During World War I, he lived in Sweden under the pseudonym Winter. Bērziņš joined the Bolsheviks after the Russian Revolution, rising to the rank of general and chief of the Latvian Red Army. Following the advent of World War I, he was one of the figures of Imperial Russian Social Democracy most prominent in the revolutionary wing of the anti-war Zimmerwald Conference. A principle organizer of Lenin's Red Terror, Berzin is credited with devising the system of taking and shooting hostages[1] to recover deserters and to put down peasant rebellions in areas controlled by the Red Army. He was recognized by his superiors for his work in pursuing, arresting, and liquidating Russian sailors after the Bolshevik suppression of the Kronstadt rebellion in March 1921.[2] Promoted to head of the Red Army's Fourth Bureau (military intelligence), the GRU, he served from 1920 to 1935.[3] Among his agents was Richard Sorge.[4] A volunteer in the Spanish Civil War under the nom de guerre Grishin, he was an important commander of the Republican forces.
Although a staunch supporter of Joseph Stalin, he was nonetheless arrested on May 13, 1938 during Stalin's purge and was a defendant in the Moscow show trials.

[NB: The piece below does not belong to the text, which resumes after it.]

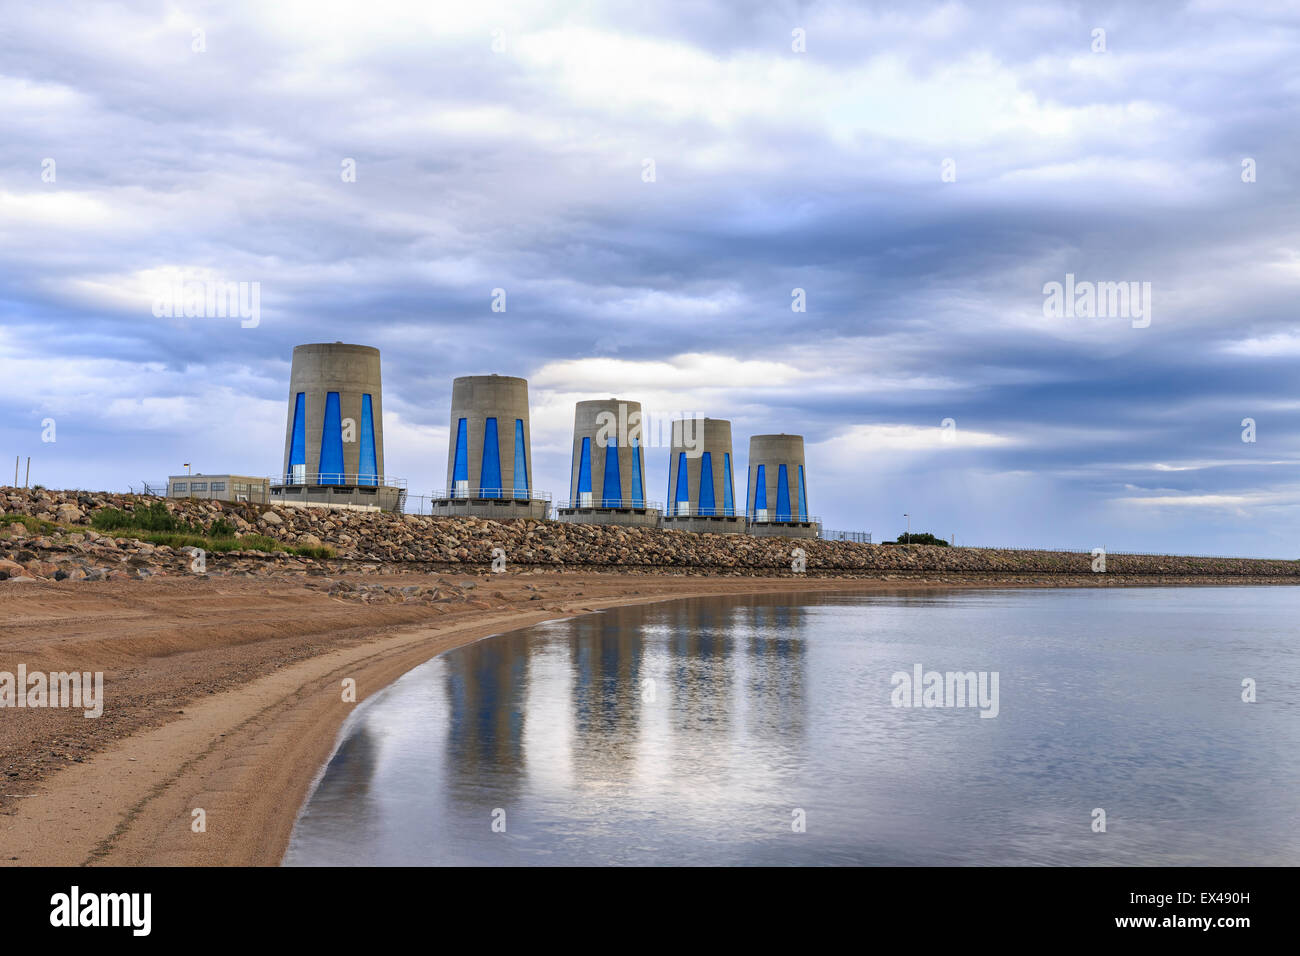 Hydroelectric power turbines at Gardiner Dam on Lake Diefenbaker, Saskatchewan, Canada. Stock Photo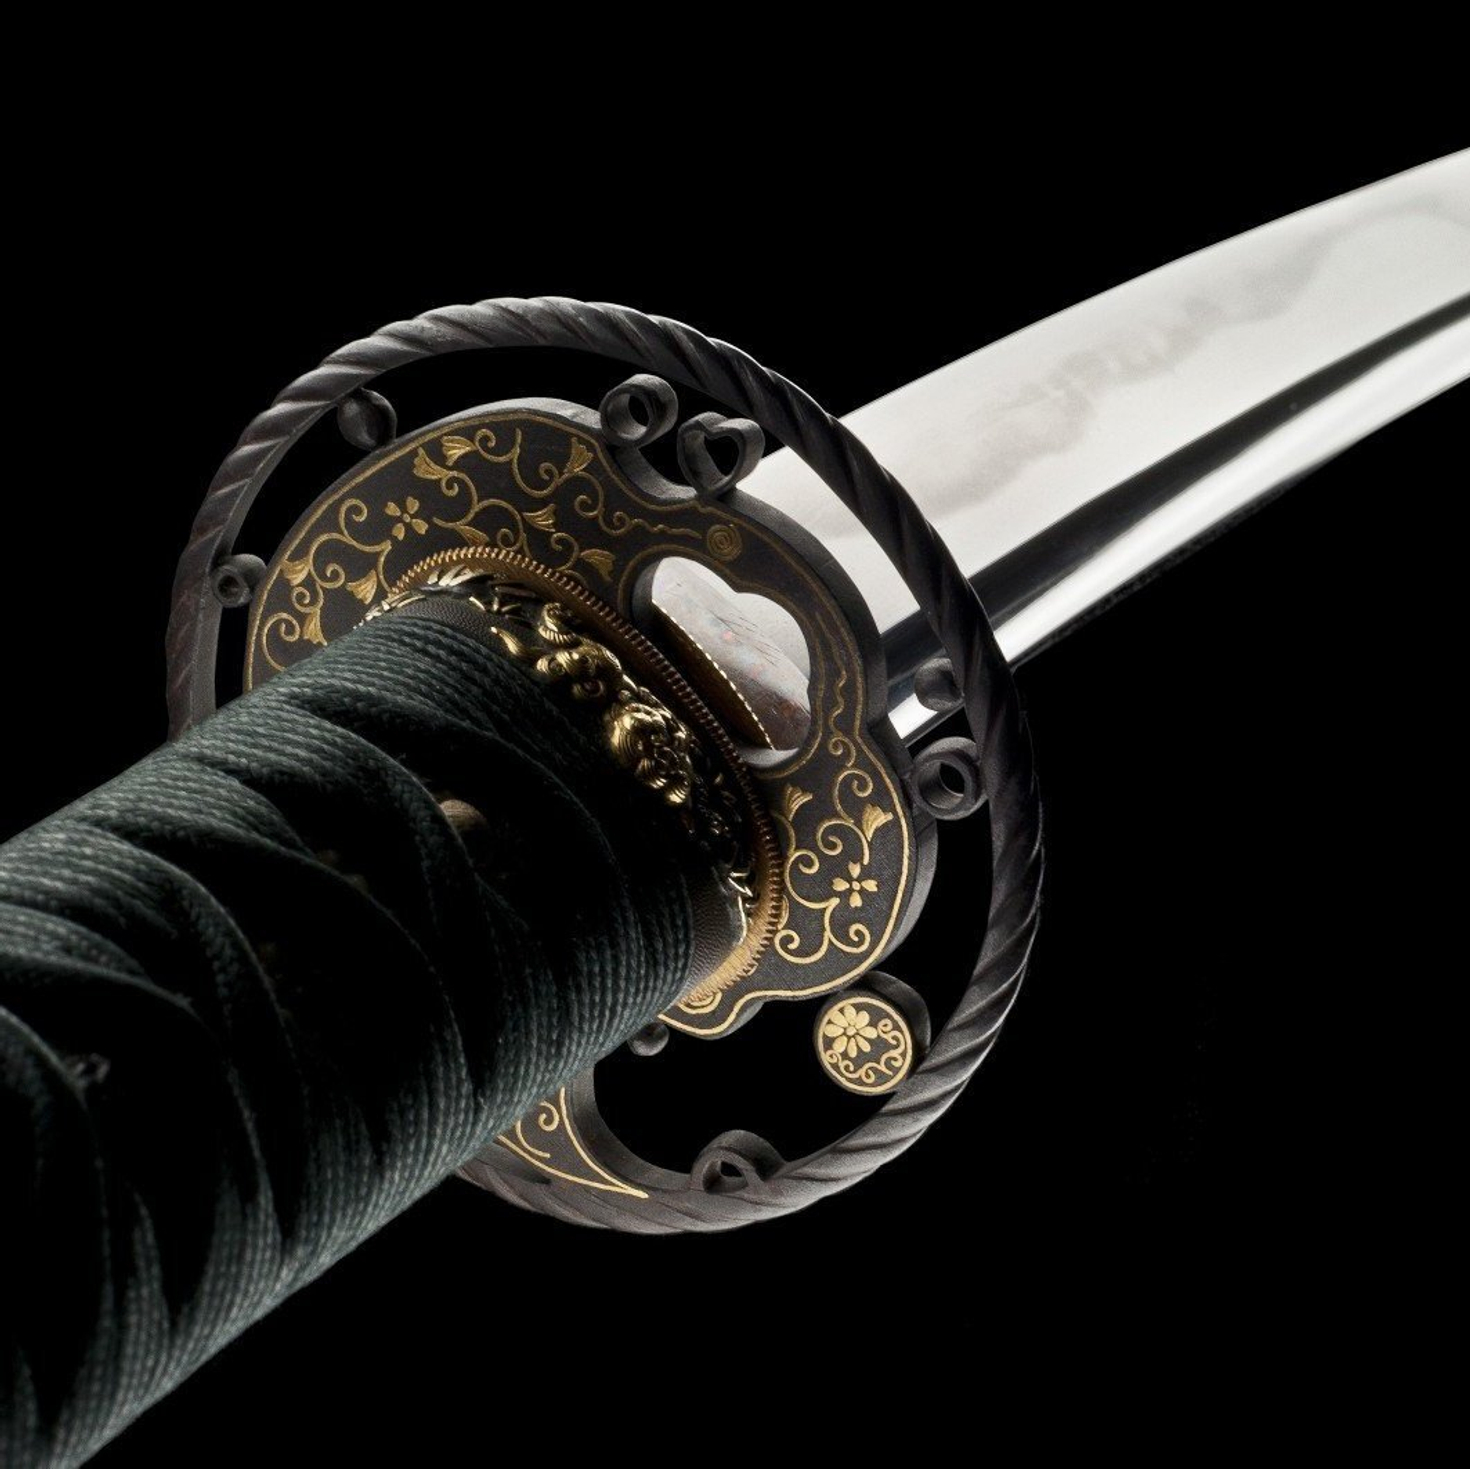 Самурайский меч 19973 (KATANA)

On July 29, 1938 he was shot in the cellars of the Lubyanka headquarters on the orders of Stalin.[5]
On 14 December 1948, Alexander Barmine, former chargé d'affaires at the Soviet Embassy in Athens, Greece, advised Federal Bureau of Investigation agents that Berzin informed him prior to Barmine's 1937 defection that Owen Lattimore, head of the U.S. Office of War Information in the Pacific during World War II, was a Soviet agent.[6]
Berzin appears in the Venona decrypts under the code name "Starik" (Russian for "Old man").[7]
References
- ↑ Suvorov, Viktor, Inside Soviet Military Intelligence, New York: Macmillan (1984)
- ↑ Suvorov, Viktor, Inside Soviet Military Intelligence, New York: Macmillan (1984)
- ↑ Suvorov, Viktor, Inside Soviet Military Intelligence, New York: Macmillan (1984)
- ↑ Agent: Sorge, Richard
- ↑ David J. Nordlander, "Origins of a Gulag Capital: Magadan and Stalinist Control in the Early 1930s," Slavic Review, Vol. 57, No. 4 (Winter, 1998), pp. 791-812
- ↑ FBI Report, "Owen Lattimore, Internal Security - R, Espionage - R," September 8, 1949 (FBI File: Owen Lattimore, Part 1A), p. 2 (PDF p. 7)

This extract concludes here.